# Flavored JAOM



## wineforfun (Feb 6, 2013)

Has anyone use the JAOM recipe and substituted other fruit for the oranges and cinammon? Say like a vanilla bean and raspberries? 
It was such a simple recipe to use that I just wanted to make a variation.


----------



## Arne (Feb 6, 2013)

If it comes out good, let everybody know what you did for sure. I know you are going to try it anyway so keep good notes on it for future reference. Arne.


----------



## wineforfun (Feb 8, 2013)

haha
You are figuring me out Arne.

As soon as my JAOM is ready to bottle, I will try the "variation".


----------



## mmadmikes1 (Feb 10, 2013)

I put vanilla beans in every mead I make and Raspberry is the best of all. Best mead I make is Raspberry /vanilla. I make 1 batch a year(6 gallon)


----------



## wineforfun (Feb 11, 2013)

mmadmikes1 said:


> I put vanilla beans in every mead I make and Raspberry is the best of all. Best mead I make is Raspberry /vanilla. I make 1 batch a year(6 gallon)



Regular mead or the JAOM?


----------



## botigol (Feb 16, 2013)

My JAOM is still going, but a couple of times I have come very close to starting a variation with blackberry. I will do it at some point, just haven't yet. If you search in the GotMead forums for 'JAOM Variant' or look for posts from ChevetteGirl, you will find several recipes. Blackberry and raspberry JAOM variants seem to be the favorites. I have also seen a number with vanilla.


----------



## ckassotis (Feb 16, 2013)

I did one last year with apples and pears that I personally enjoyed more than the orange version.


----------



## Polarhug (Feb 17, 2013)

I just started a 3-gallon Blood Orange "JAOM" today. Used 5 blood oranges in sections + the zest. (no pith) and 1 naval orange, 2 cinnamon sticks, 2 cloves. I plan on adding a vanilla bean after fermentation when I rack it off. I will let you know how it goes!

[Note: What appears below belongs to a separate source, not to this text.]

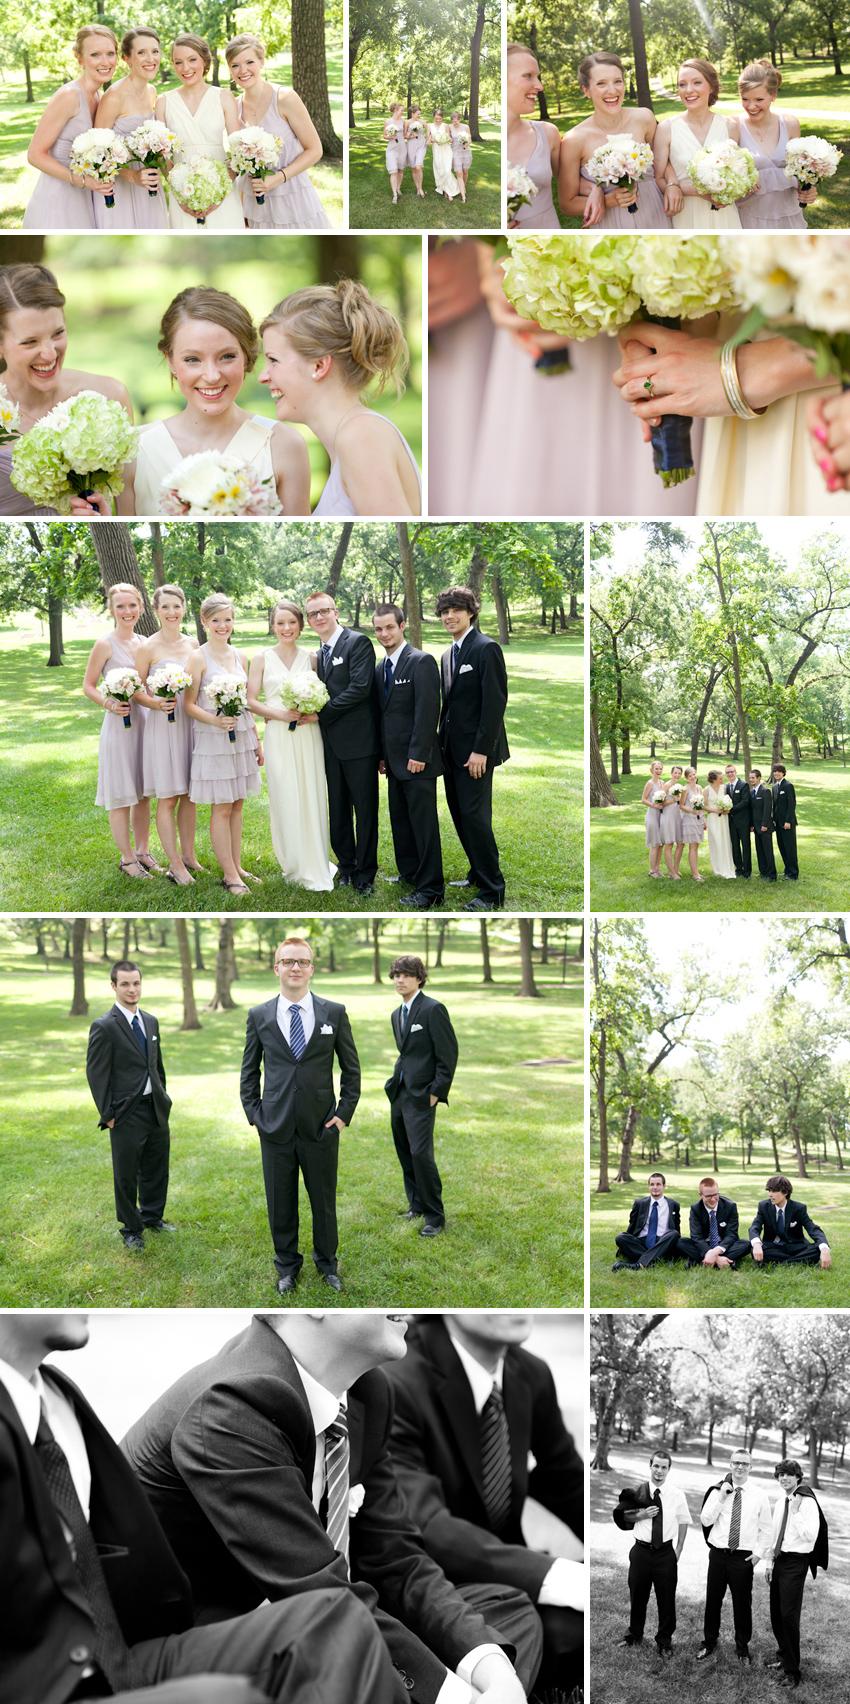 Kansas City/Lawrence wedding photographer Darbi G. Photography
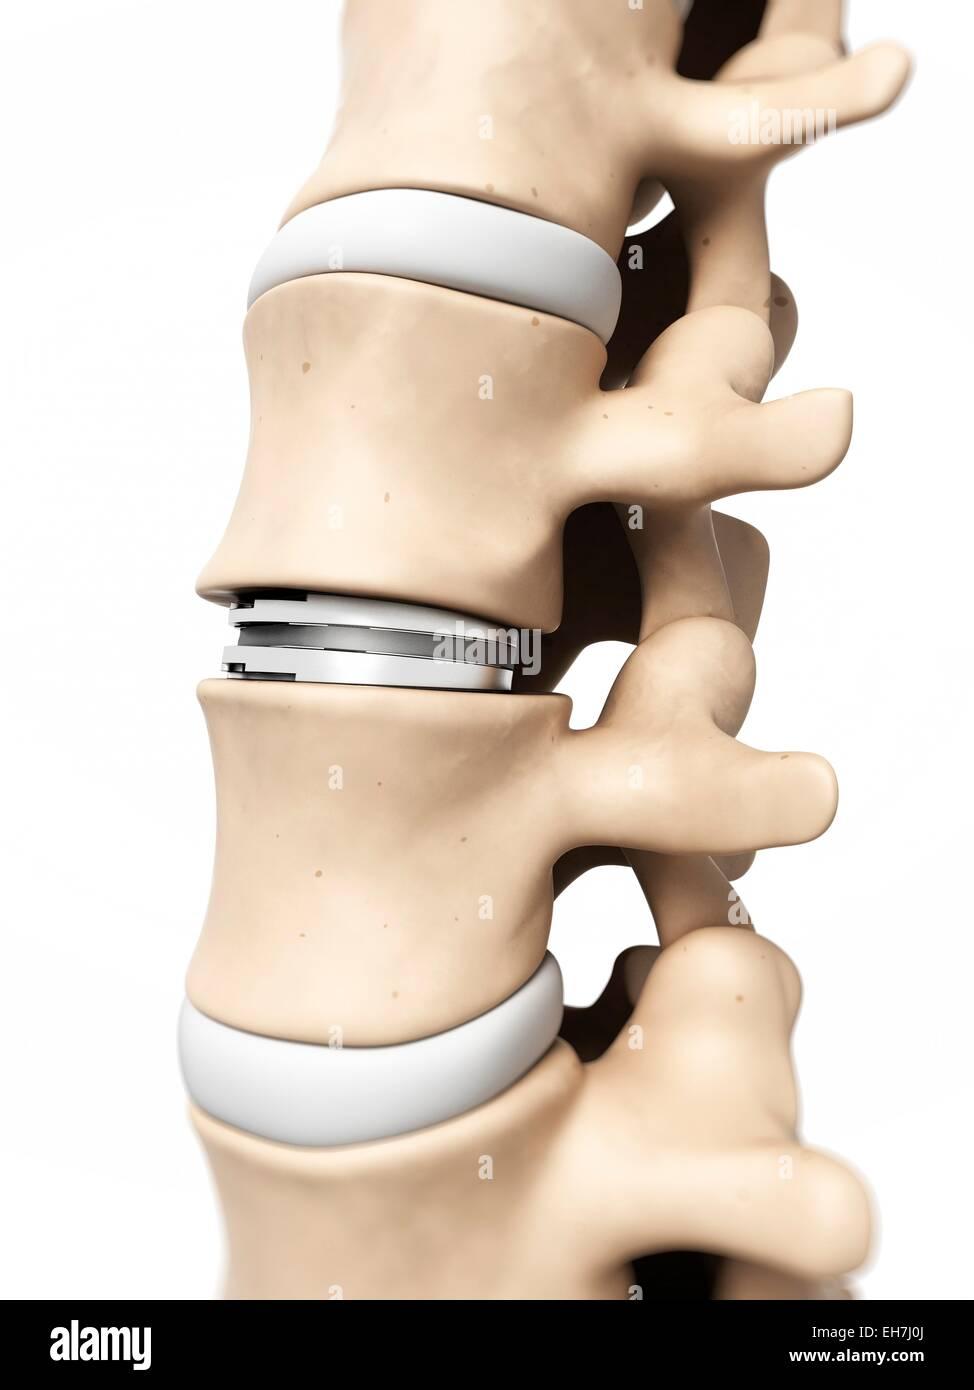 Human vertebrae, illustration - Stock Image

*edit* I wish it had a pinker color... but it doesn't. I may add some red juice concentrate just for looks later on


----------



## wineforfun (Mar 20, 2013)

ckassotis said:


> I did one last year with apples and pears that I personally enjoyed more than the orange version.



I started this same one. Has another month or so to go before bottling. Sure smells good.


----------